What's more helpful, is that you're placed in a group of say 20 other
companies all trying to produce something, some are making money, some have
literally nothing. You can learn from one another, share ideas, test out each
others products, etc.

One thing most people trying to start a company don't have is a support
network of highly motivated people doing the same thing. I know I personally
do, but many of my fellow startup school colleagues do not. That's what's
helpful: The startup school group office hours (or therapy sessions).

The second most valuable portion of startup school, is that they force you to
be accountable. If I say I'm doing X, they want to see it. They expect
results, and they push you to share.

The finally, and perhaps most valuable portion of startup school, is the fact
you can network. I'd argue this is different than group office hours. There
are many companies that have synergies, for example my project:
[https://projectpiglet.com/](https://projectpiglet.com/) can help identify
trends, or "experts", which other teams could use.

There are other examples, but it's definitely been useful.

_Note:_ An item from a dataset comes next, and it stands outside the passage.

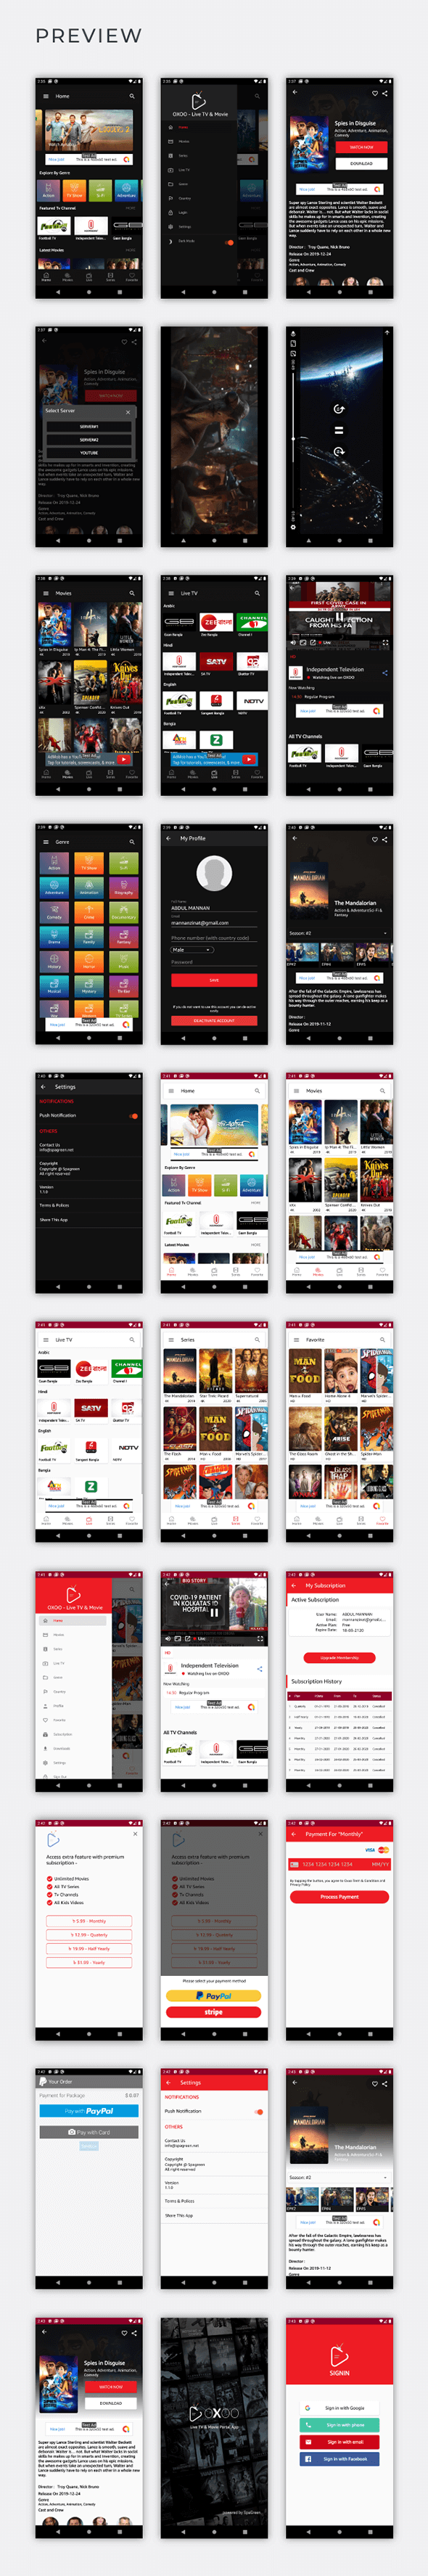 OXOO - Abonelik Sistemli Android Canlı TV ve Film Portalı Uygulaması - 4

That being said, it is not YC proper. You don't get funds, many of the
founders don't actually have an LLC or C-Corps. Many are in school, or (like
myself) have full-time jobs working 50 hours a week.

Although not being able to work on the project full-time sucks, I've
definitely made progress through startup school. We would have had less
without it, the ideas from the team have bubbled up and the support pushes us
to do better. I would recommend it, and definitely don't think it's "backing
10k startups", however it is helping in a significant way.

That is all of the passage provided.